EXCERPTED DATA:
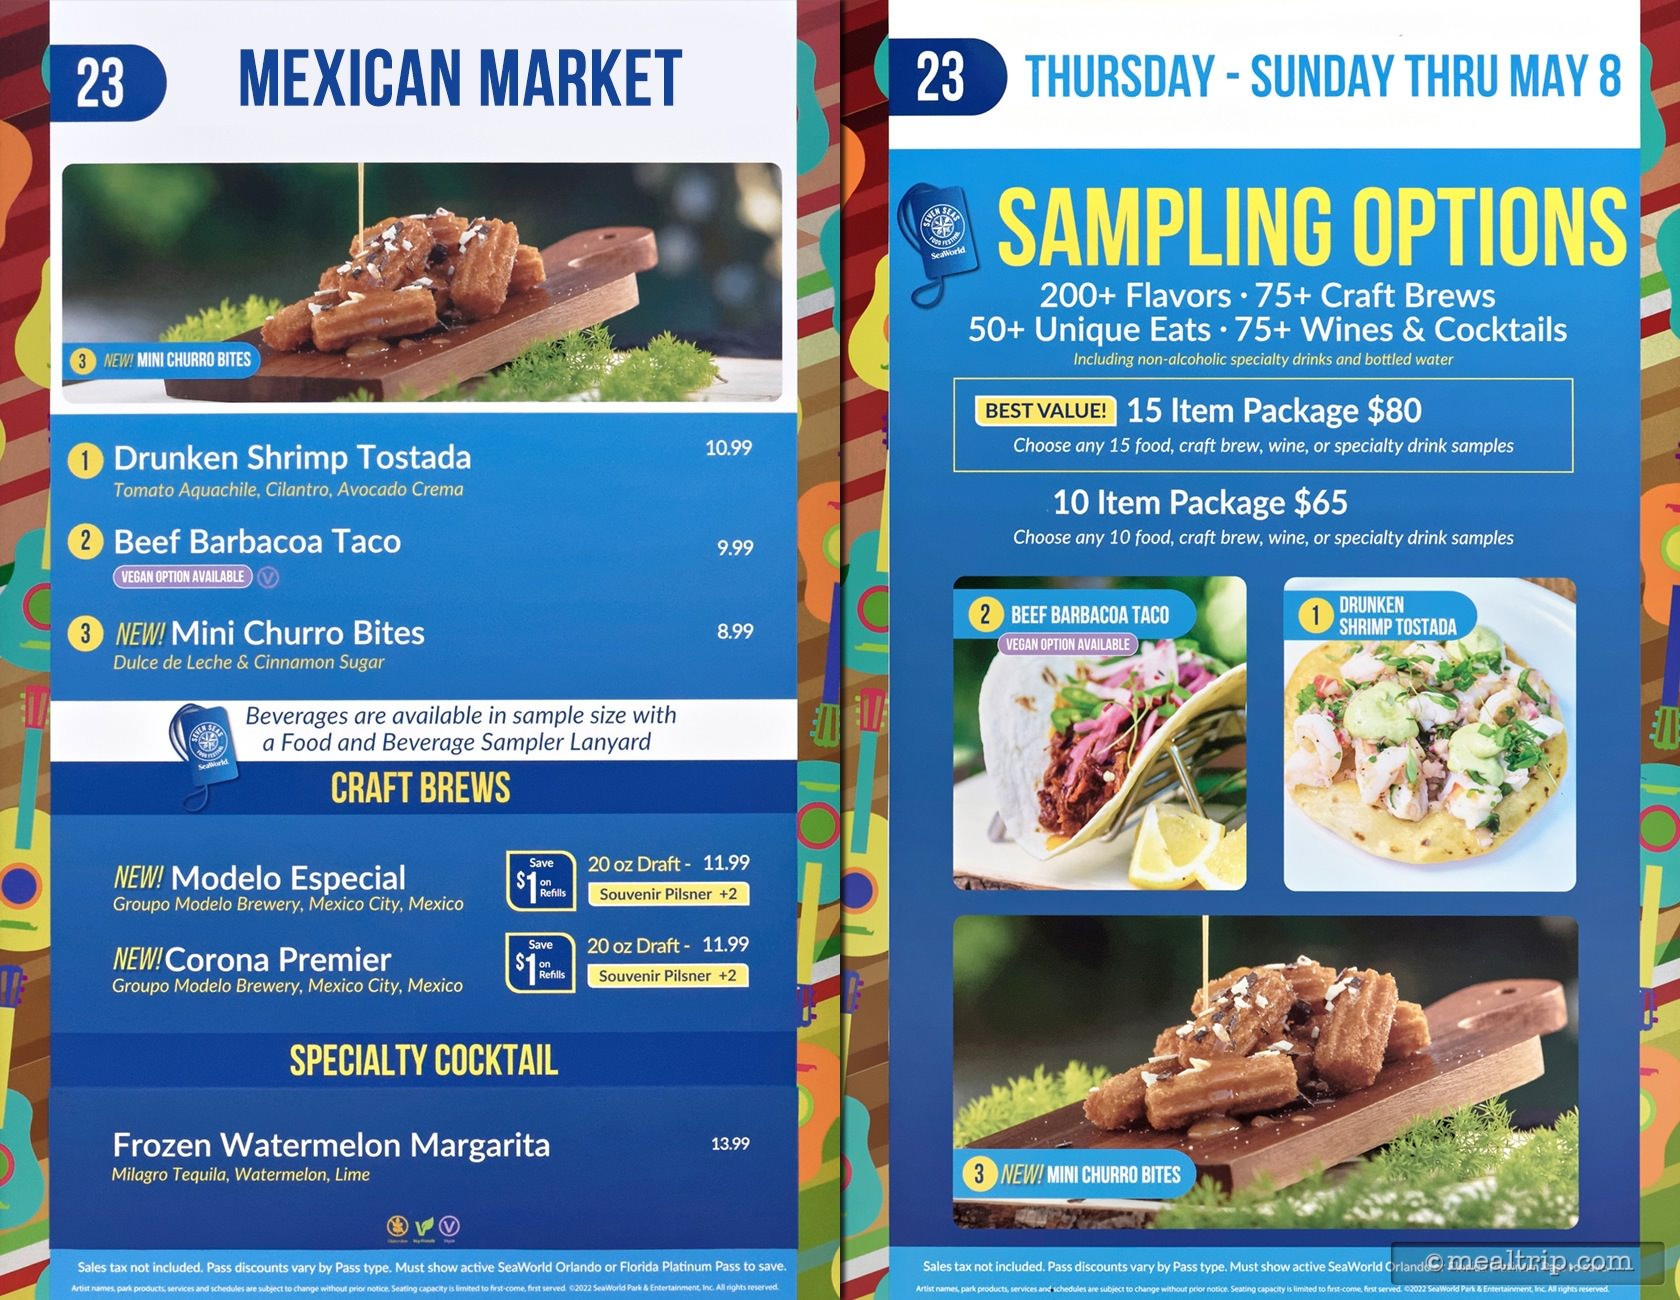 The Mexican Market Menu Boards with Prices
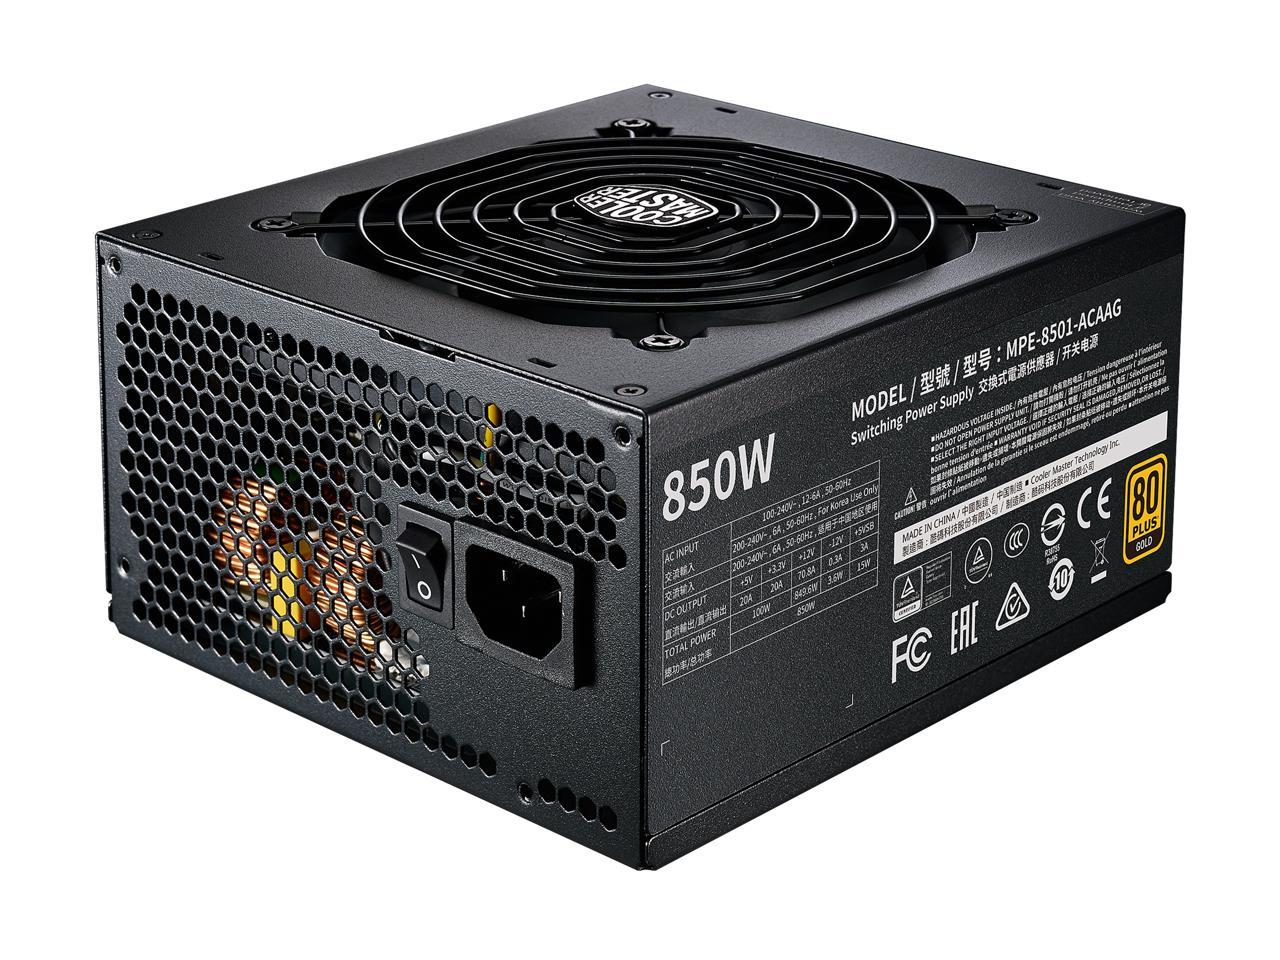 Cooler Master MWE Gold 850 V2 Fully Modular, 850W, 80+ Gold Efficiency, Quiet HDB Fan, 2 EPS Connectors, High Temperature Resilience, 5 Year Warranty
* * *
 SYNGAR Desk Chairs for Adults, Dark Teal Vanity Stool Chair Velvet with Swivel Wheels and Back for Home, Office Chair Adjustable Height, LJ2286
==
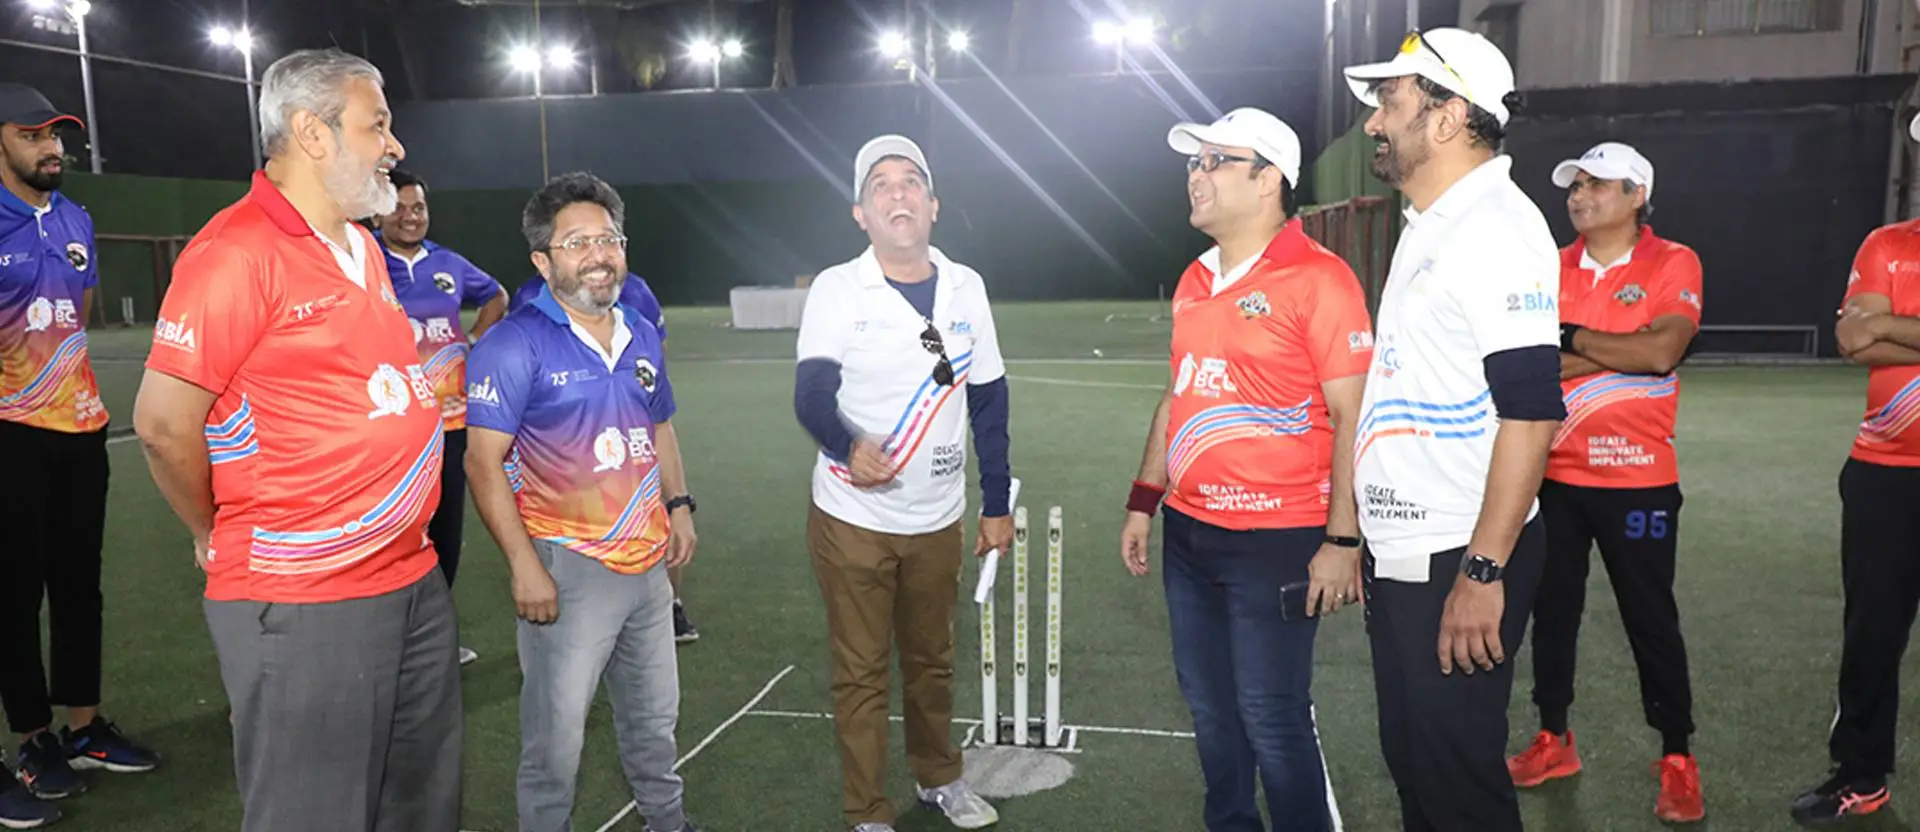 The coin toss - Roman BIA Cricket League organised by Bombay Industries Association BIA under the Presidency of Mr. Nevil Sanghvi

PROBLEM TO WORK ON: Skipping every picture, transcribe exactly the lines above from the one containing "The Mexican Market Menu Boards with Prices" through the one containing "Cooler Master MWE", both included.

ANSWER FOR THE TASK:
 The Mexican Market Menu Boards with Prices
 Cooler Master MWE Gold 850 V2 Fully Modular, 850W, 80+ Gold Efficiency, Quiet HDB Fan, 2 EPS Connectors, High Temperature Resilience, 5 Year Warranty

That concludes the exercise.